Güzel yüzünü ve ışıltılı gözlerini birkaç kere görmüş olsam da gönlümün sultanlarından Elif Doğan nam-ı diğer blogcuanne’nin Noa’ya Mektup için kaleme aldığı yazısını sizlerle paylaşmak istedim.
Elif’in Substack yazılarına da linki takip ederek abone olabilirsiniz.
Sevgiyle,
Sepin
Ayşe Deniz Şahin’in yumuşacık çizgileriyle resimlediği kitap, Noa’nın bir hışım evden çıkmasıyla başlıyor; anlıyoruz ki annesi ondan kendisini yalnız bırakmasını istemiş ve Noa da buna çok içerlemiş. O günü “tıpkı bir yetişkin gibi” hiç oyun oynamadan geçiren Noa, ertesi gün annesinden bir mektup alıyor.
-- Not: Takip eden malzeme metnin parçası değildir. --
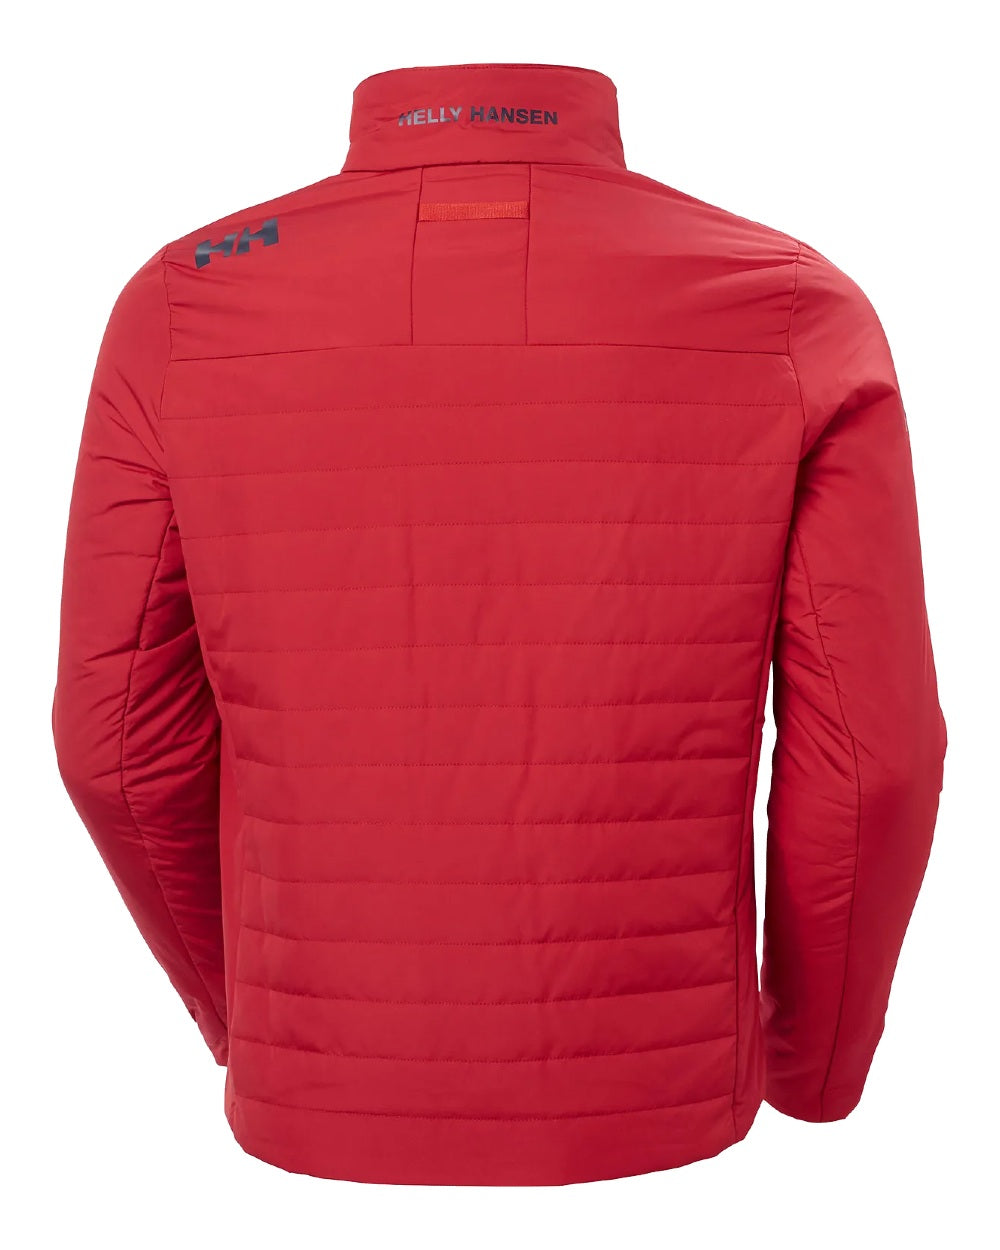 Helly Hansen Mens Crew Insulated Sailing Jacket 2.0 in Red

Anne, mektubunda, önce bir gerçeği ortaya koyuyor, sonra da bir itirafta bulunuyor. Gerçek, annesinin Noa’yı ne kadar çok sevdiği… “Üzüntü değişir ama bazı şeyler hiç değişmez. Seni çok seviyorum. Bu, mesela, hiç değişmez. Sevgi geçmez” diyor annesi.
İtirafı ise kendine dair... Kalbinin kırıldığını ve Noa’yla oynamak, şarkı söylemek, hatta şarkı mırıldanmak dahi istemediğini anlatıyor annesi. Çünkü bazen kalpler kırılıyor. Oluyor öyle…
Bazen, insanın kalbi kırıldığında canı hiçbir şey yapmak istemeyebiliyor. Bu, bir şeyler yapmayı sevmediği anlamına gelmiyor; sadece o an yapmak istemiyor. Bunu anlatıyor Noa’ya annesi… Bunu o kadar net, o kadar yalın bir şekilde anlatıyor ki, Noa bunu sadece anlamakla kalmıyor; bunu anlamak Noa’ya iyi geliyor.